For most government-funded projects, the first year’s funding does not keep up with subsequent budget amounts. In some cases, the first funding installment is also the only thing a researcher will receive before the project ends.

Full-time jobs at universities and state-funded institutions are drying up. (The Department of Physics at the University of Delhi last hired staff about 12 years ago.) The situation in university departments across the country is equally dire. Education is often sustained by an ever-decreasing number of permanent faculty members that are balanced by an annual increase in contract numbers. A well-known Delhi university sends only full-time physics teachers, supplementing about 25 temporary teachers.

The general tendency to self-censor views that overlap with politics is disturbing. Such censorship is reinforced by widely formulated “rules of conduct” that suppress any criticism of government policy. It is the rare scientist to publicly comment on scientific issues of public relevance.

The Indian Academy of Sciences (of which there are three) has also not been particularly outspoken. In recent years, restrictions on holding international conferences have increased. Visas to attend scientific conferences are denied to researchers simply based on their country of origin.

Corruption in the appointment of school teachers, university lecturers, and university professors is only occasionally reported in the media. However, it is a reality in most, if not all, states of India.
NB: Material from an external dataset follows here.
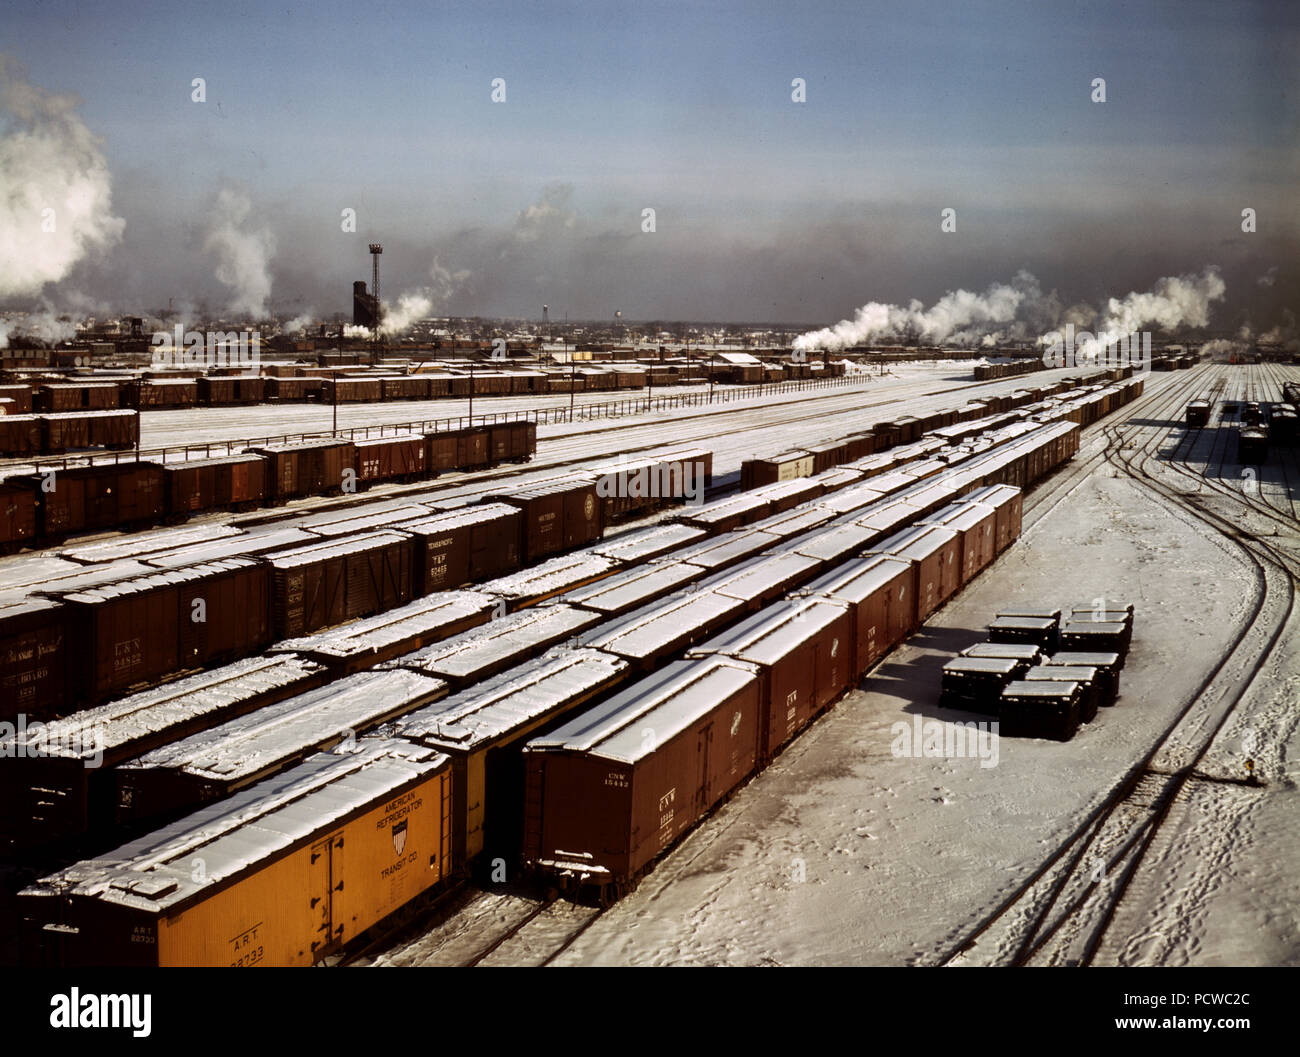 Allgemeine Ansicht von einer Einstufung yard bei C&NW von RR [d. h. Chicago und North Western Railroad] Vorbehalt Yard, Chicago, Illinois, USA, Dezember 1942 Stockfoto

Government-appointed selection committees and members of the boards of institutions increasingly appear to be chosen on the basis of political affiliation rather than insight into science and its practice.

Even setting aside more outlandish claims, funding a policy that assigns special importance to cattle and their natural products effectively treats such research on a par with other more general scientific disciplines. The reason is political, not scientific.

It is now increasingly common to hear from politicians that ancient Indian texts pre-empted Western scientific norms. That is, our efforts should be directed solely to their discovery and elucidation. Such nativist views hamper attempts to truly understand what Indian scientists and mathematicians have achieved in the past.

A country’s scientific progress must be viewed in its priorities, social and other contexts. The level of representation from disadvantaged caste groups is still very low in Indian science.The number of women at faculty level in Indian scientific institutions is low. When it comes to issues of equity, the more privileged and well-funded scientific institutions perform far worse than the universities.

in the future?

For a country with enormous existing levels of inequality and division across castes, religions, communities, languages ​​and cultures, achieving what we have had since independence is commendable. Indeed, we have come a long way. But what about the future?

We can move forward towards better integration with global science with an Indian flavor.We can highlight these issues that are particularly relevant to India. These include our own series of “ wicked” problem.

We can move towards having a more inclusive system. In light of the current employment crisis, we have been able to explore new ways in which scientific training can support and encourage entrepreneurship.

On the one hand, the emphasis on objectivity, rigor and scientific method has been replaced by an attitude of irrelevance of evidence, further weakening our institutions with neglect, corruption, lack of investment and heavy-handed control. may cause them to regress.

Seventy-five years after independence, it’s a good time to not only look back, but also look forward to the future. What is clear is that we are at a different crossroads than when our journey as a country first began.

G.autam I. Menon is Professor at Ashoka University Sonepat and Institute of Mathematical Sciences, Chennai. The views expressed here are his and do not represent his institution.